▶ Directions
Using the listing below, give again exactly the lines from the line with "Great Gatsby Gala, Saturday, October 16" to the line with "rooftop turf, artificial grass installation", inclusive, without the pictures.

▶ Information provided
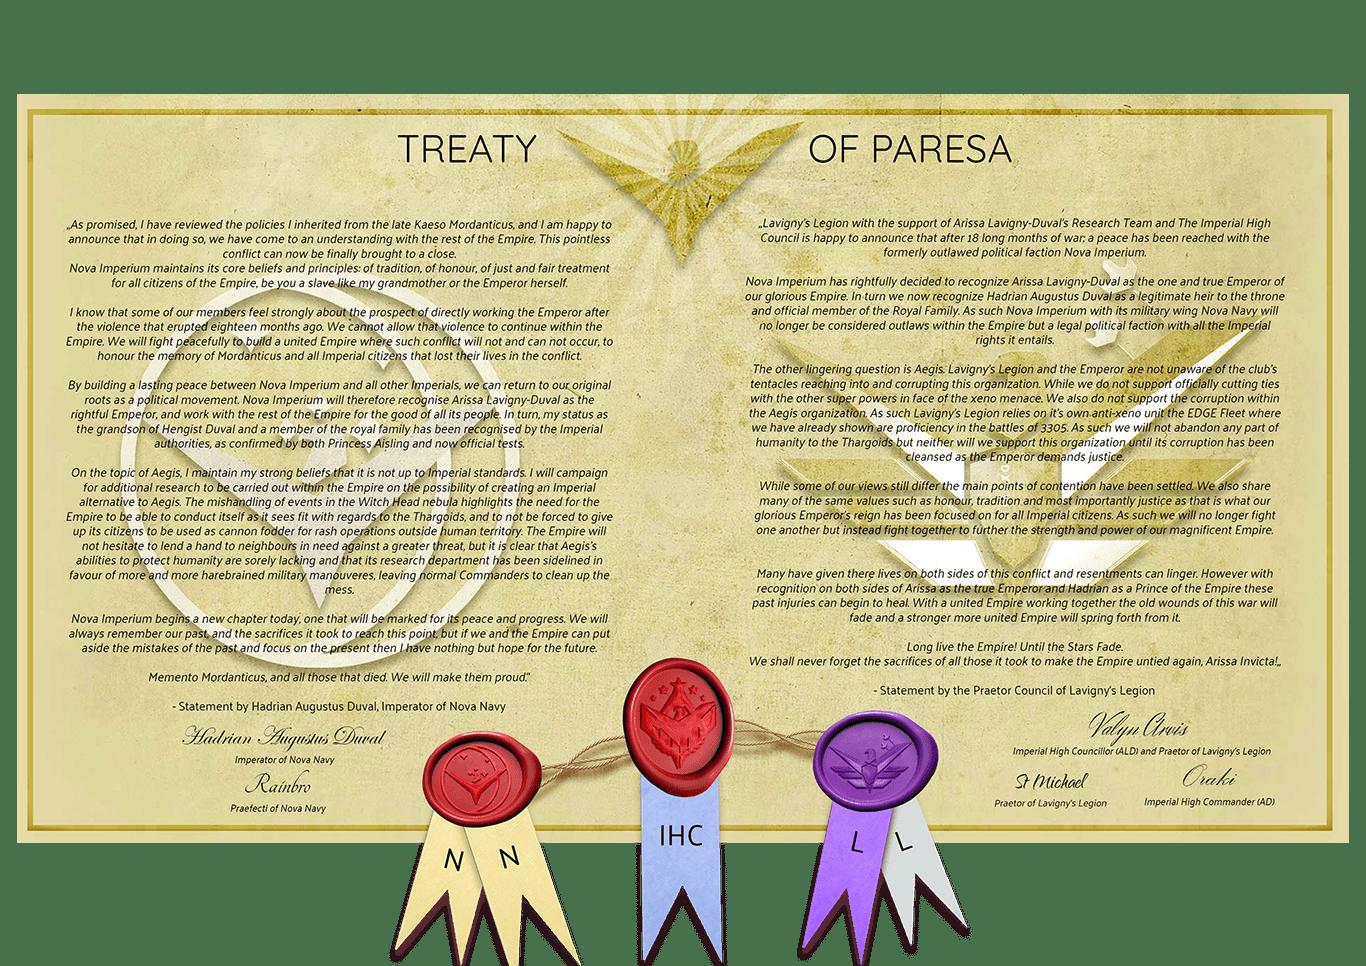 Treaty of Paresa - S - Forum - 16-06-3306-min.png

...

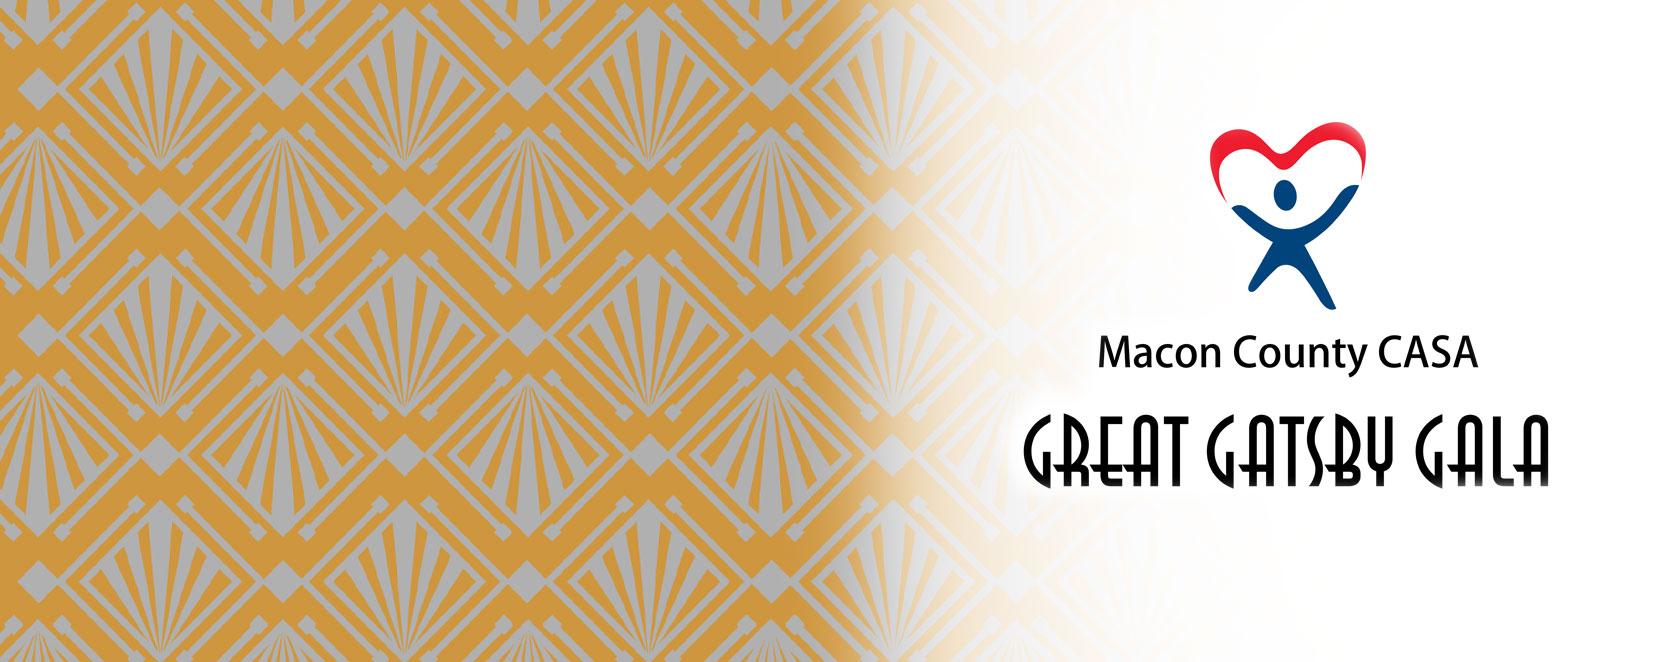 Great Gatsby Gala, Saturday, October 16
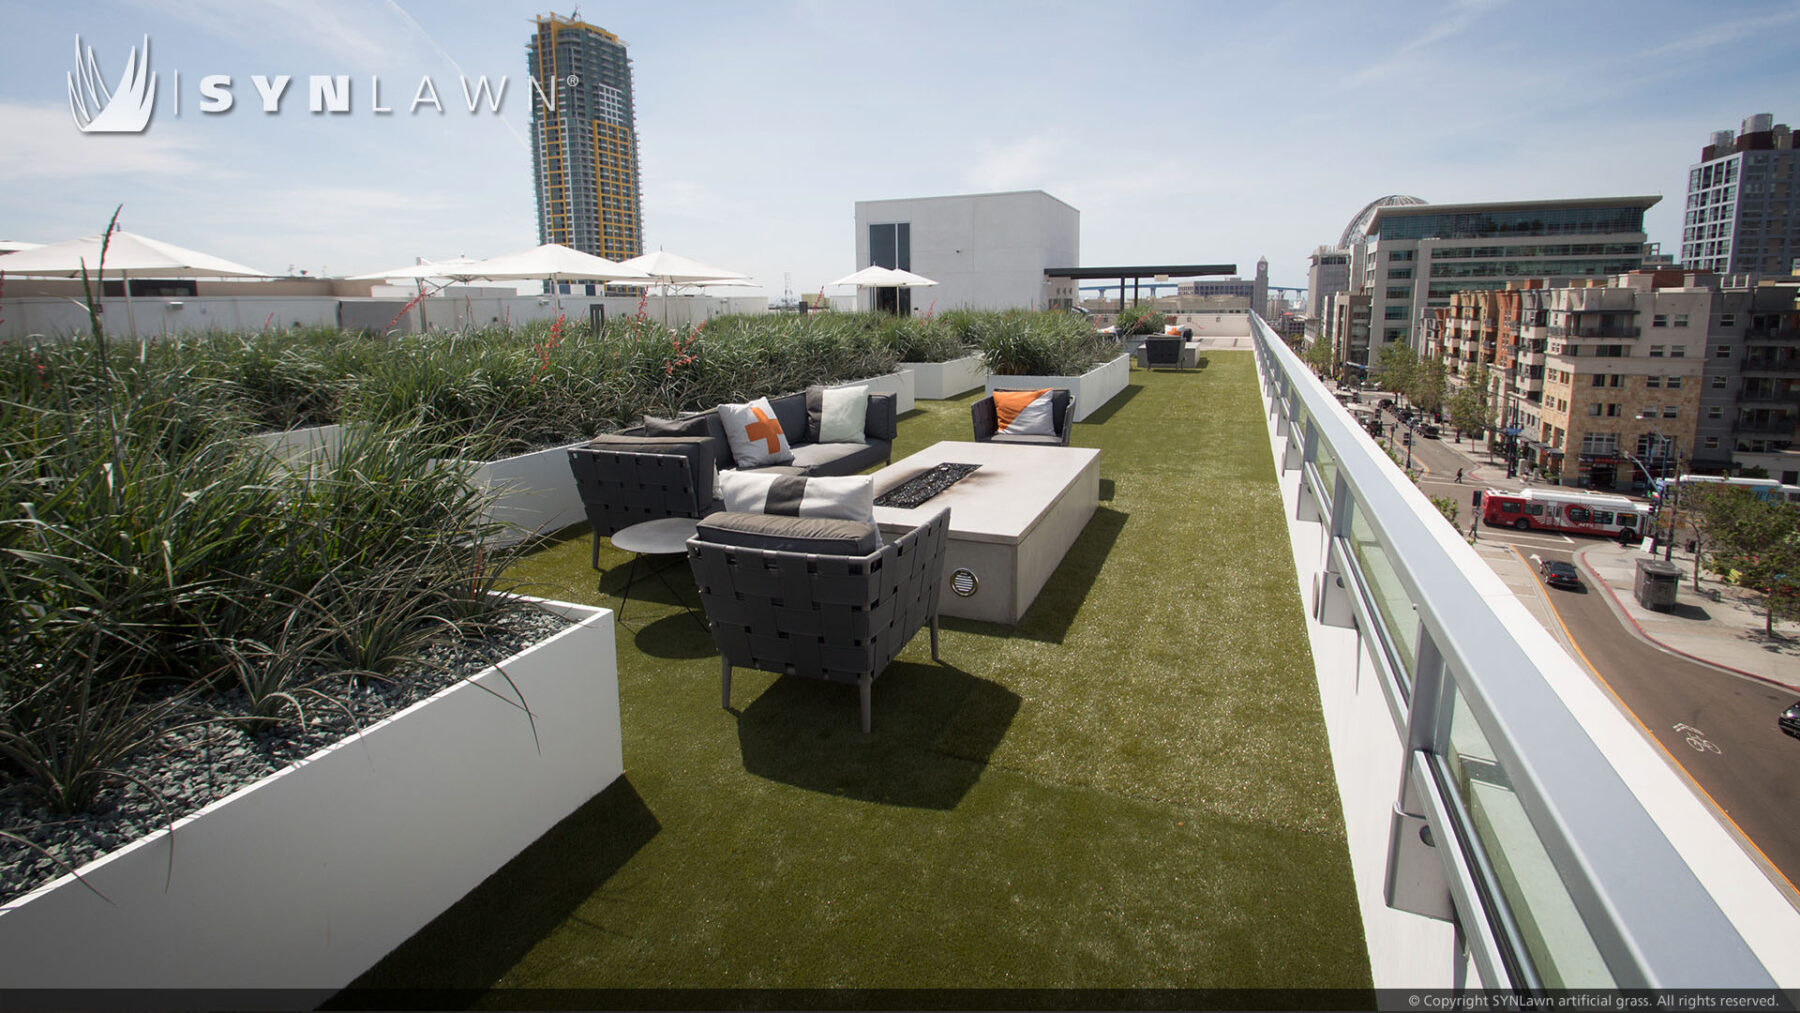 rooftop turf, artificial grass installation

--

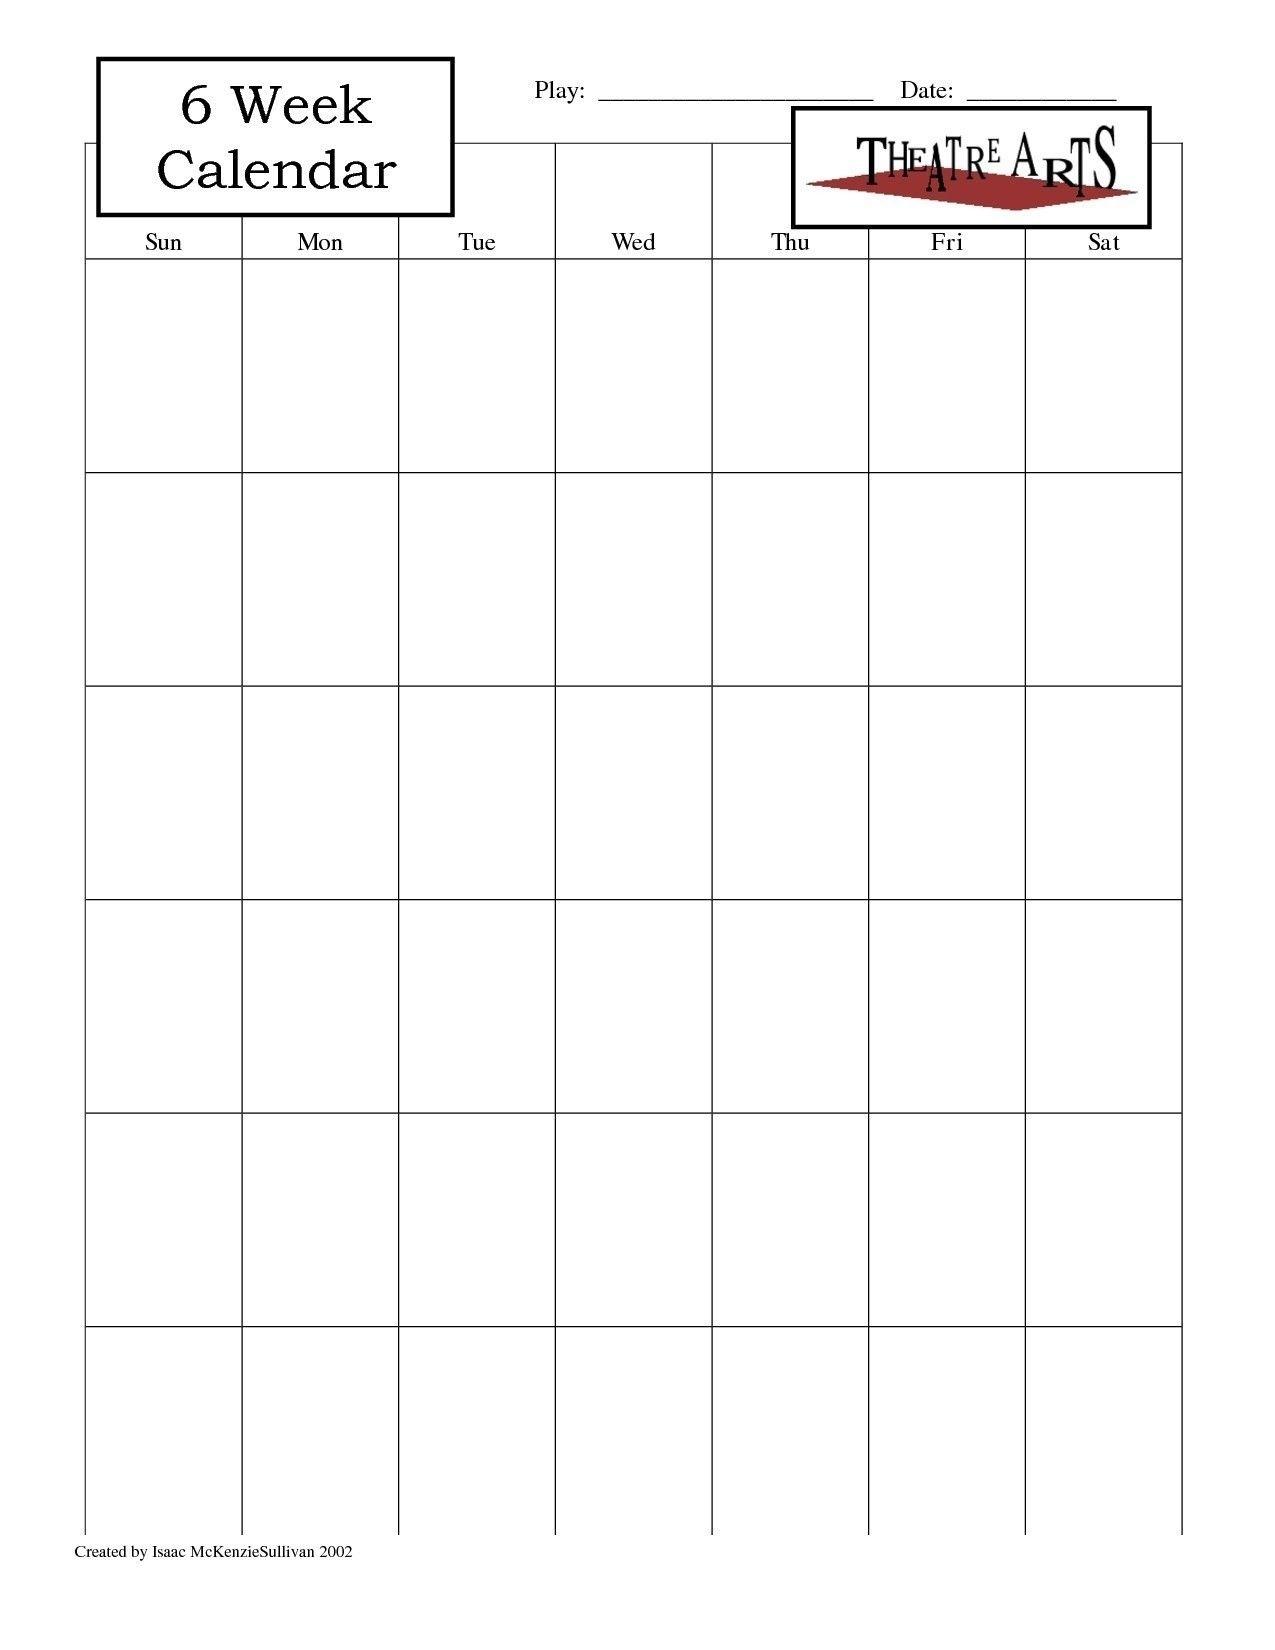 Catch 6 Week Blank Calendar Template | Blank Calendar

▶ Written response
 Great Gatsby Gala, Saturday, October 16
 rooftop turf, artificial grass installation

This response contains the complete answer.